Я вспомнил, как Вера вчера помахала ключами. Вспомнил её слова: «Частично в кредит». И вдруг меня накрыло: а кто будет этот кредит выплачивать? Понятное дело, она. Но мы ведь семья, у нас общий бюджет. Значит, так или иначе, эти деньги уйдут из общего котла. И получается, я тоже буду оплачивать её внезапное желание кататься «куда хочу и когда хочу».
Положил дорогой кофе обратно. Взял соседний — за шестьсот.
Дома Вера заглянула в пакет, достала новую пачку.
— Это что за кофе?
— Обычный. Арабика.
— Но мы всегда покупали другой.
— Тот дорогой. Решил попробовать что-то новое, — я развернулся к ней спиной и начал раскладывать продукты по полкам.

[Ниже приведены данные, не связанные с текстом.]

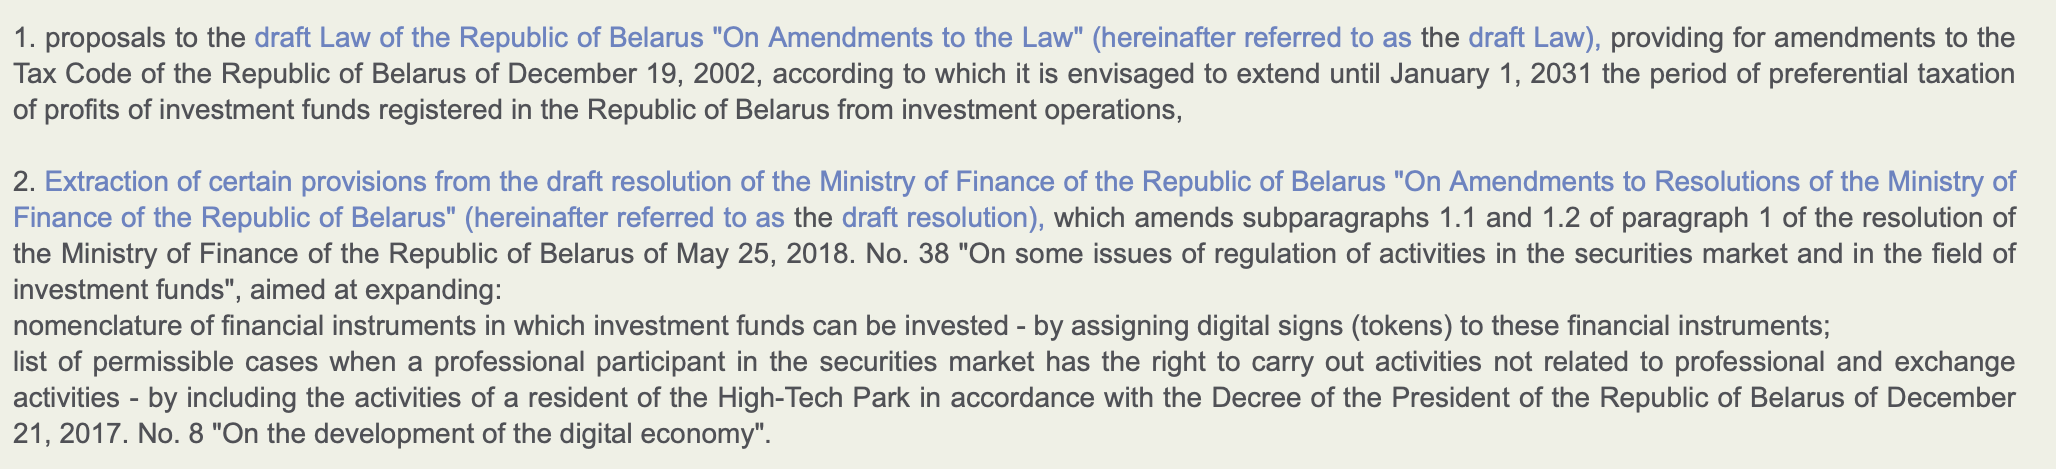 Otro paso adelante: Bielorrusia permitirá la inversión institucional en activos digitales

Вера помолчала, потом вздохнула.
— Хорошо.
Она ушла к себе, а я остался стоять перед холодильником, чувствуя странное удовлетворение. Мелочь, ерунда какая-то, а внутри словно что-то встало на место.
Дальше — больше. Я стал замечать, сколько всего мы тратим. Туалетная бумага — трёхслойная, мягкая, по триста рублей за упаковку. А если взять обычную, двухслойную, выйдет вдвое дешевле. Гель для душа — ещё одна статья расходов. Зачем дорогой, если и дешёвый моет так же?
Я начал экономить. Не на всём, конечно. Основные продукты — мясо, овощи, молоко — покупал как обычно. Но всякие излишества вычеркнул. Никаких креветок по пятницам, никаких пирожных просто так. Сыр — не импортный, а российский. Чай — в пакетиках.
Вера замечала. Молчала, но я видел, как она морщится, когда открывает новый рулон туалетной бумаги. Видел, как листает этикетки, словно пытаясь понять, что изменилось.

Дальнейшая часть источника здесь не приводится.